- Country: Australia
- Location: Orange, New South Wales
- Coordinates: 33°19′45″S 149°05′27″E﻿ / ﻿33.3291°S 149.0908°E
- Purpose: Water supply
- Status: Decommissioned
- Construction began: 1888
- Opening date: 9 October 1890 inauguration
- Construction cost: A£32,688
- Owner: Orange City Council

Dam and spillways
- Type of dam: Embankment dam
- Impounds: Gosling Creek
- Height: 16 metres (52 ft)
- Length: 260 metres (850 ft)
- Width (crest): 3 metres (9.8 ft)
- Spillways: 1
- Spillway type: Concrete chute
- Spillway capacity: 2,960 cubic metres per second (105,000 cu ft/s)

Reservoir
- Creates: Gosling Creek Reservoir
- Total capacity: 400 megalitres (14×10^^{6} cu ft)
- Catchment area: 17 square kilometres (6.6 sq mi)
- Surface area: 12 hectares (30 acres)
- Maximum water depth: 5 metres (16 ft)

= Gosling Creek Dam =

Gosling Creek Dam is a decommissioned minor earth and rock fill with clay core embankment dam with concrete chute spillway across the Gosling Creek upstream of Orange in the central western region of New South Wales, Australia.

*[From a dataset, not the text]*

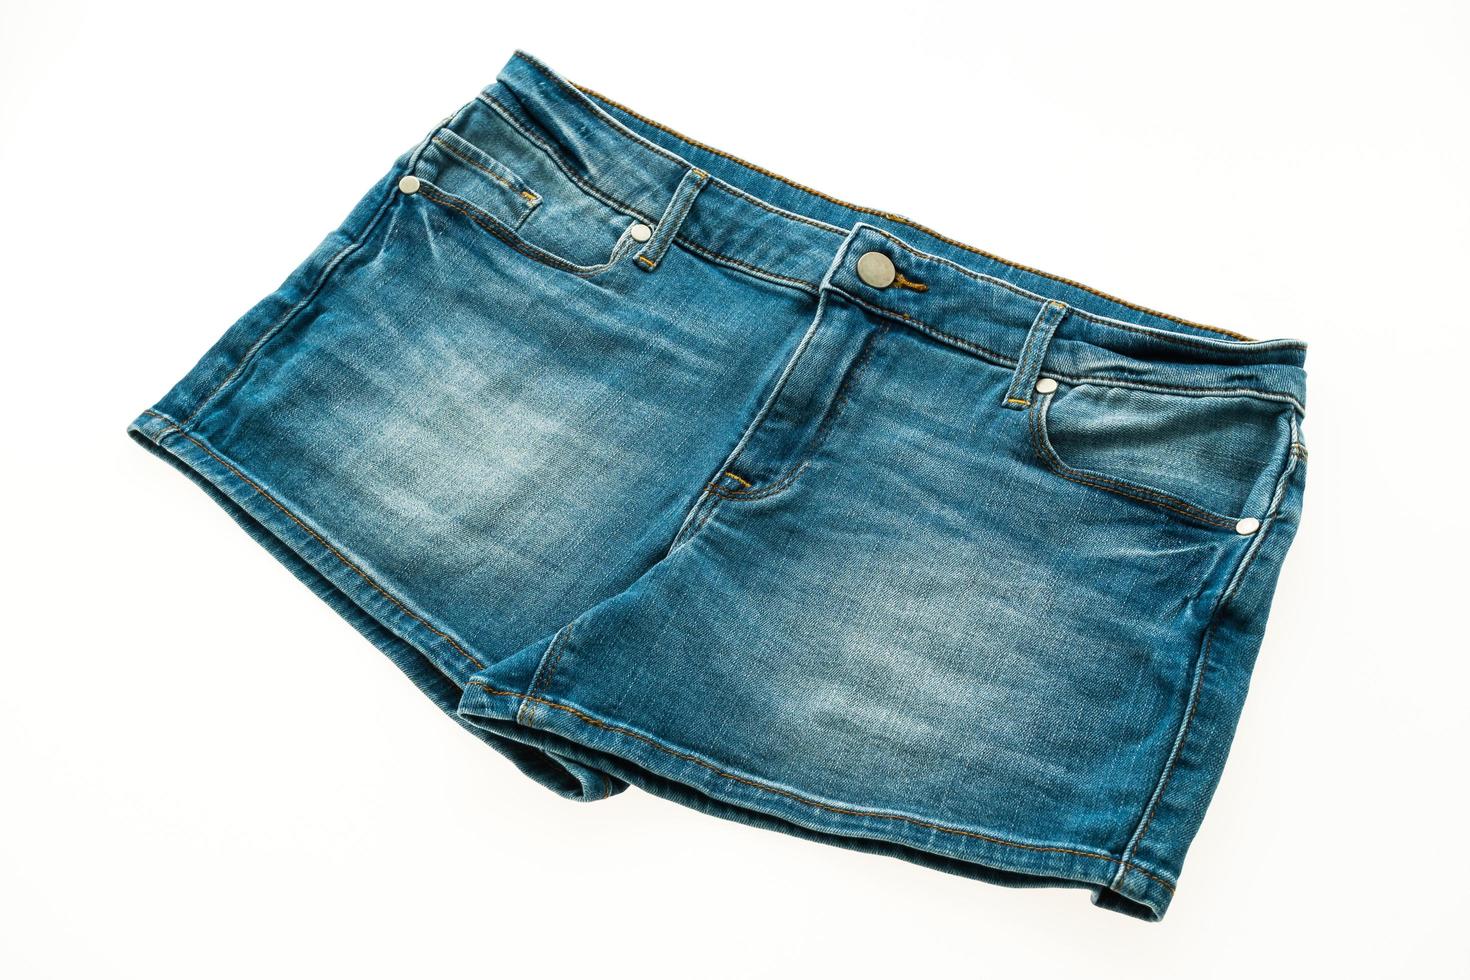 Fashion short jean pants for women photo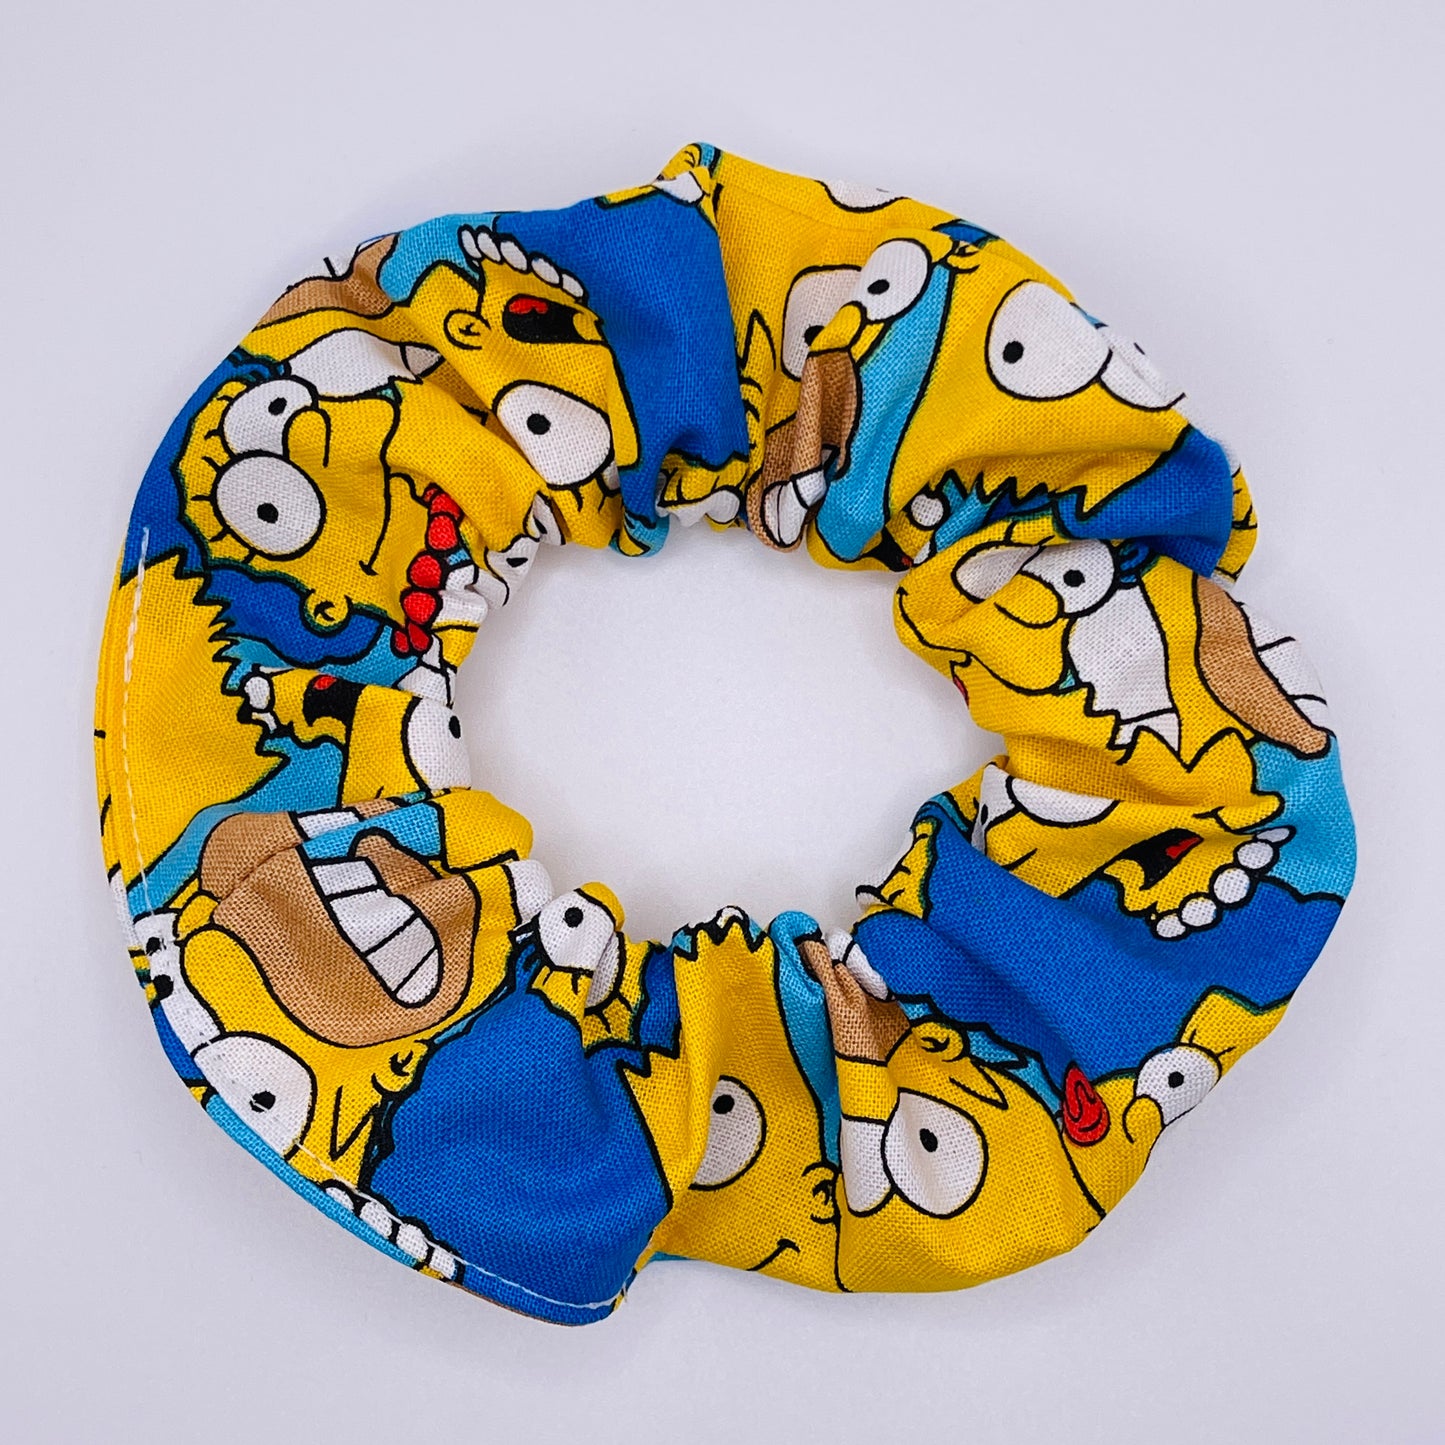 The Simpsons on Stripes Bandana

Commissioned in 1890 to supply Orange with potable water, the dam was decommissioned after the official commissioning of the Suma Park Dam in 1962. The impounded reservoir is called Gosling Creek Reservoir and is now used for recreational purposes.

==Location and features==
Commenced in 1888 and officially inaugurated in 1890, the Gosling Creek Dam is a minor dam that has since been decommissioned on the Gosling Creek, approximately 4 km south of the city of Orange and provided the first town water supply to the city; constructed at a cost of A£, borne by the Orange City Council. Additional dams for water supply were completed in 1918 at built at Meadow Creek Dam and then Spring Creek Reservoir in 1931.

The dam wall height is 16 m and is 260 m long. The maximum water depth is 5 m and at 100% capacity the dam wall holds back 400 ML of water. The surface area of Gosling Creek Reservoir is 12 ha and the catchment area is 17 km2. The ungated concrete chute spillway is capable of discharging 2960 m3/s.

Gosling Creek was named after Jonathon W. Gosling, a free settler who arrived in Australia by ship in 1827 and the first property owner in the district.

Gosling Creek Reservoir is no longer used for water supply purposes, and in recent years the Orange City Council has developed the area as a recreation reserve. Facilities include a pedestrian and cycle way system, playground, bird hide, passive recreation areas. The reservoir was previously surrounded by pine plantations which have been logged and progressively replaced by native vegetation plantings.

In May, 2007 the nearby Cadia mine approached Orange City Council with a request to obtain water from Gosling Creek Reservoir for mining purposes due to their dwindling water supplies as a result of the ongoing drought.